第42章 何人单身骆萧山早说了,自己对缪与的……

她说去去就来,可等到小孙被秦胜客客气气送出画中世界,瑶姑娘却依然不见踪影。

骆萧山在原地干坐,无聊到开始研究殿内浮雕的花纹。掏出手机,信号格空空如也。

她瞥向身旁的缪与,这人正低着头,指尖在屏幕上快速敲击,嘴角微微上扬,神情专注又愉悦。

“你在玩离线小游戏吗?”骆萧山有点好奇。

只是她头还没凑过去,对方的屏幕就在瞬间暗下,动作快得像条件反射。

“告诉过你,是在做备忘录。”他嘴角的微笑还没收回。

骆萧山对这个回答持怀疑态度,露出这种想甜死人的笑容,她以己度人,那可是在网上磕CP的时候才会有。

不说就不说吧:“哦,这个点,外面天该黑透了吧?”

“不,画中光阴凝滞。”

那还真是个彻头彻尾的方外之地,坐在这里,心跳呼吸如常,怎么说不是白赚人生两小时呢?

骆萧山站起身,想活动下僵直的四肢,忽然有些窘迫地压低声音:“那个……缪与,你知道卫生间怎么走吗?”

缪与干脆起身:“我带你去。”

“不用不用!”骆萧山连忙摆手,“你给我指个方向就行。瑶姑娘万一回来找不着你怎么办?”

“她是画中仙,一草一木皆如她耳目延伸,你不用担心。”

“厕所也?”

缪与沉默了一瞬,才道:“……应当会屏蔽感知。此人虽性情跳脱,但就我同她打过的交道来看,还算不上个变态。”
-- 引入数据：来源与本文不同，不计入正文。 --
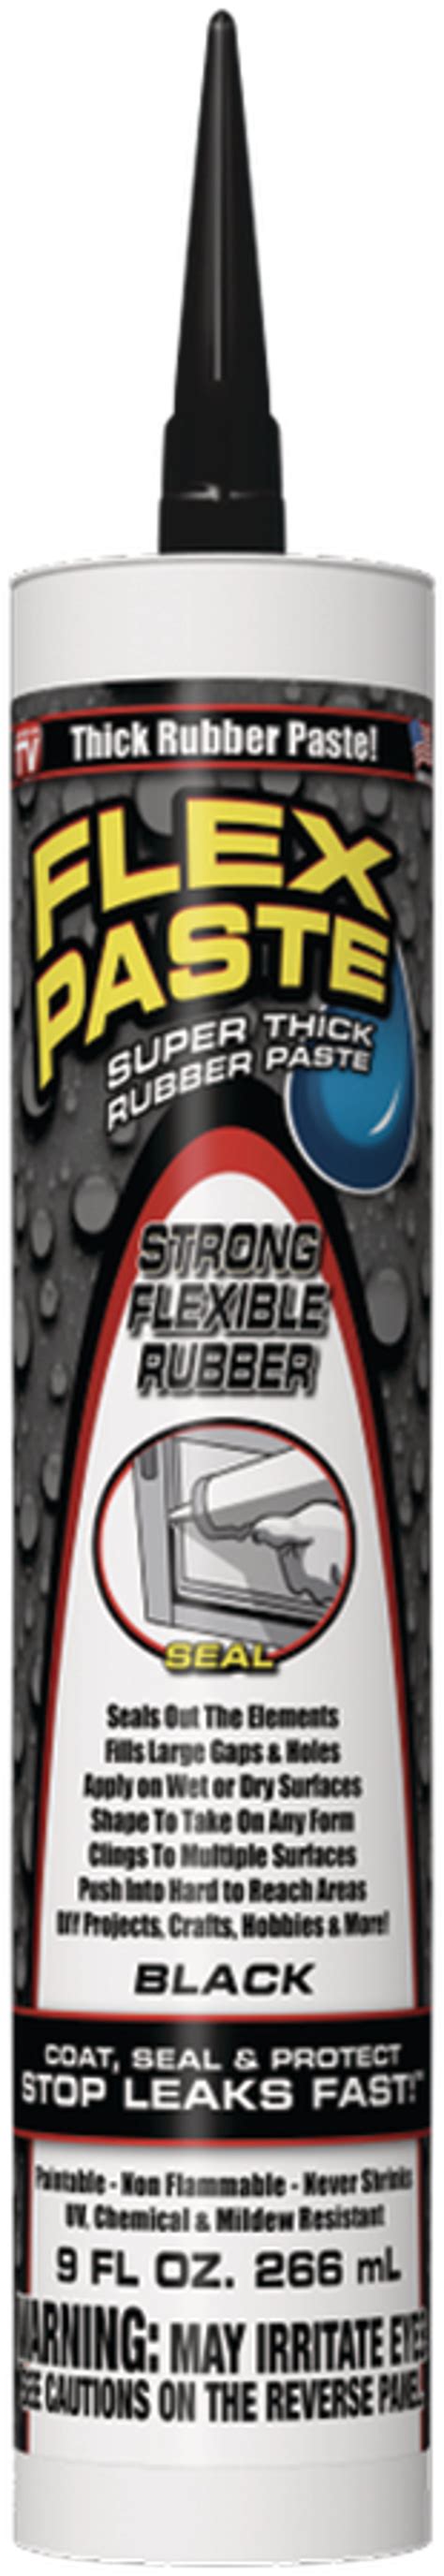 Buy Flex Paste Rubber Sealant 3 Lb Black
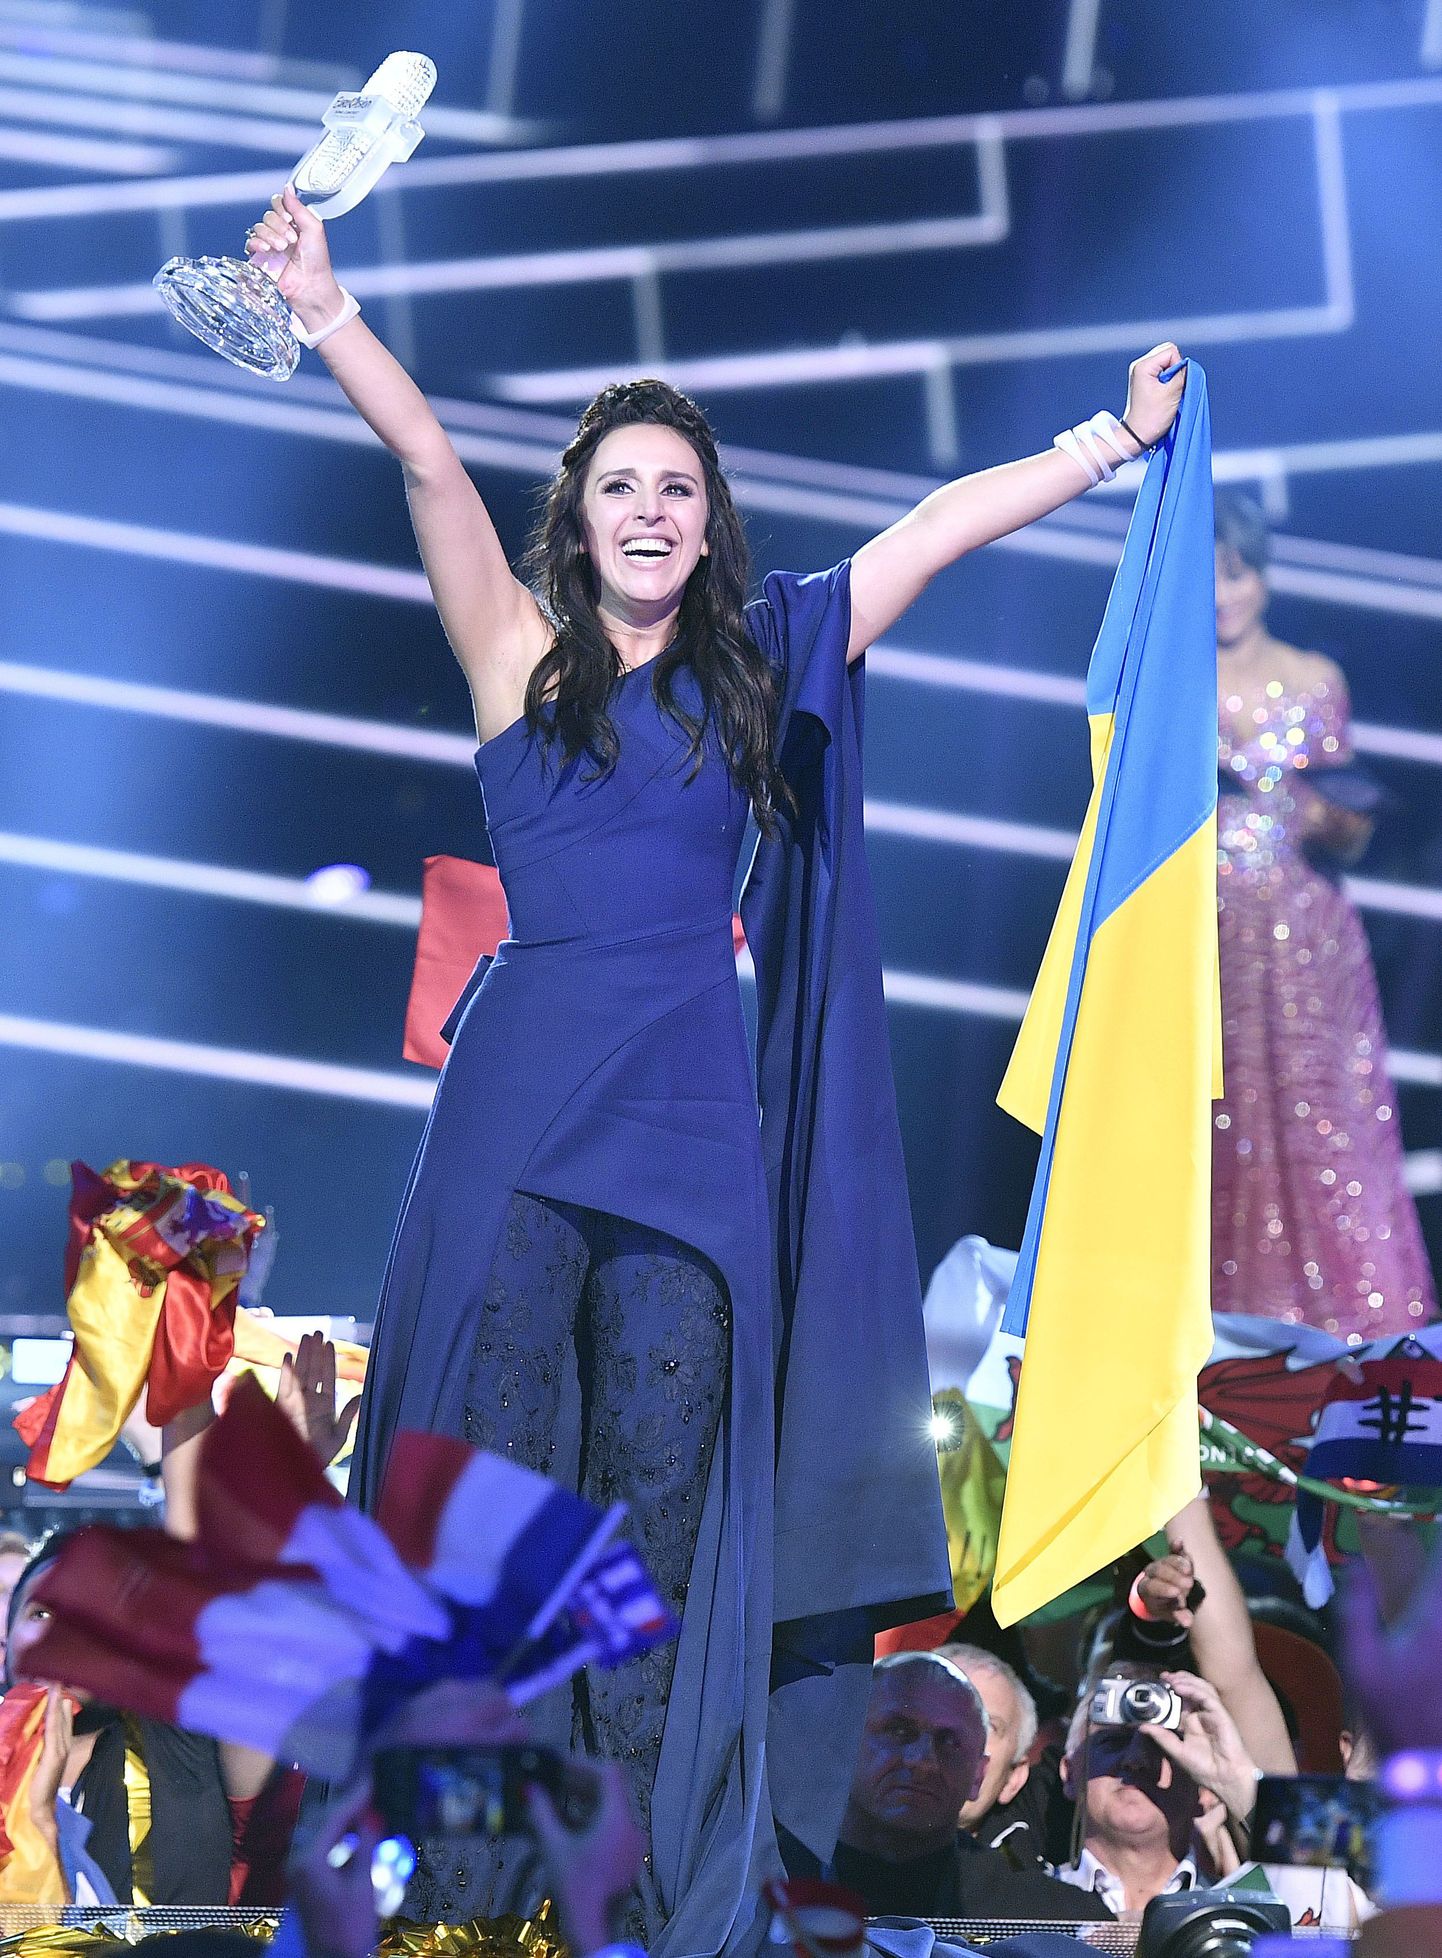 Stockholmis toimunud 61. Eurovisiooni lauluvõistluse võitis Ukraina esindaja Jamala

他说瑶姑娘与其他诞生于人心欲望、并以此为食的画中人不同,是那位高僧亲手点化创造,为维续此方秩序而生的画中仙,可以信任。

先前给骆萧山的那支蜡烛,便是瑶姑娘所制。她自身的能力和这方名为“南柯梦筵”的世界密切相关,能够看见人心底的欲望,沟通神魂梦境。

“听起来好厉害。”骆萧山不由感叹。

“厉害吗,看多了这种东西,可能会更想吐吧。”

这画中世界竟然还挺与时俱进,骆萧山没费什么周折就在一道连廊后找到了地方,比她想象中的古代茅房条件要好得多。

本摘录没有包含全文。